→ **Exercise description**: Among the records below, find each line bearing the word "Furniture" and copy it.

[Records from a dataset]
<<<<
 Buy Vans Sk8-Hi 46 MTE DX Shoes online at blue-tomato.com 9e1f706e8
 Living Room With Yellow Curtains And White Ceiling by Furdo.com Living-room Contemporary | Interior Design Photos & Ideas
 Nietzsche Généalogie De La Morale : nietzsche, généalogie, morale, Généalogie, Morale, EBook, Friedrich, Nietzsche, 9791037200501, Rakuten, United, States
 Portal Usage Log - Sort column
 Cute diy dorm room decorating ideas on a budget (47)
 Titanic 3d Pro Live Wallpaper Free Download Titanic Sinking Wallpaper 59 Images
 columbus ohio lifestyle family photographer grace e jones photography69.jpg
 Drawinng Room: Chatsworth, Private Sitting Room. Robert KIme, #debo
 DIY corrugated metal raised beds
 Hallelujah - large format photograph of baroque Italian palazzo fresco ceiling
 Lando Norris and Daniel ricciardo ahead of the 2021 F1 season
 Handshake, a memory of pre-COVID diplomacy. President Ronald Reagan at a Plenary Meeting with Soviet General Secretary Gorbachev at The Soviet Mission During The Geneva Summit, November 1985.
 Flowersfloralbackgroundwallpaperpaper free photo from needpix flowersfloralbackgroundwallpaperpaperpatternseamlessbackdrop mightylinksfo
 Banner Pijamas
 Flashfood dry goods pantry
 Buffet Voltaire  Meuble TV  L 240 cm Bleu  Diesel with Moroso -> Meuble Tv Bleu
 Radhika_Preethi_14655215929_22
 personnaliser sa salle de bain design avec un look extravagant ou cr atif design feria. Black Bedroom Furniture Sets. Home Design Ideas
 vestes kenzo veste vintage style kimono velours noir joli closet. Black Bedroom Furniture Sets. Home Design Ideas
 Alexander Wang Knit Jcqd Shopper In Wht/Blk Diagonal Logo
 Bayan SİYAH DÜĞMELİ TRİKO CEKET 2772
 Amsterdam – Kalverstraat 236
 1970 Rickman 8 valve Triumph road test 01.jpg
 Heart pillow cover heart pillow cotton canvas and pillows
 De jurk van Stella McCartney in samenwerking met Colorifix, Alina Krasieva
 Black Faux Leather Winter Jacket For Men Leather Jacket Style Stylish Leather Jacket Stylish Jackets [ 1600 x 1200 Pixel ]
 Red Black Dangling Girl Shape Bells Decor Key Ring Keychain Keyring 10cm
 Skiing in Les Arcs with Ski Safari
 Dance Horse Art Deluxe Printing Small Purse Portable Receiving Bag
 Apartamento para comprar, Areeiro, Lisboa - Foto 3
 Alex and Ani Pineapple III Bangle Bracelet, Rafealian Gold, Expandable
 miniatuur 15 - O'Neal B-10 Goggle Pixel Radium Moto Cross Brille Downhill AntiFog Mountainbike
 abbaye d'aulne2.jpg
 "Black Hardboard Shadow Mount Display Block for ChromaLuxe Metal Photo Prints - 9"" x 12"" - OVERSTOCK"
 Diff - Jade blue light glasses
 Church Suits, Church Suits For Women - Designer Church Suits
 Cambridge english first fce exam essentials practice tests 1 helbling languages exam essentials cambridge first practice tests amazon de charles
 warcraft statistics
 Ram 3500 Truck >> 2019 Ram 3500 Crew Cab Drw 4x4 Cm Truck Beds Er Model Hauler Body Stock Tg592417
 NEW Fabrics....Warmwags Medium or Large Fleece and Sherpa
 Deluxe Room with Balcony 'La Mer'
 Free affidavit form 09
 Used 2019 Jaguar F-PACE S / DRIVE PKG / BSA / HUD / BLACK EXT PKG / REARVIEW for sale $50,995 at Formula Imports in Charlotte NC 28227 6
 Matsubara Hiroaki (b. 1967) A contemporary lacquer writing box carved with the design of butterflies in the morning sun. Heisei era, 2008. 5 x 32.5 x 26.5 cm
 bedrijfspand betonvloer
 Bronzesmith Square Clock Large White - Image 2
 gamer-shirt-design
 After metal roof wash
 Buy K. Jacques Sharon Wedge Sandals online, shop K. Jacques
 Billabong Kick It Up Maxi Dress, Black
>>>>
→ **Exercise solution**:
 personnaliser sa salle de bain design avec un look extravagant ou cr atif design feria. Black Bedroom Furniture Sets. Home Design Ideas
 vestes kenzo veste vintage style kimono velours noir joli closet. Black Bedroom Furniture Sets. Home Design Ideas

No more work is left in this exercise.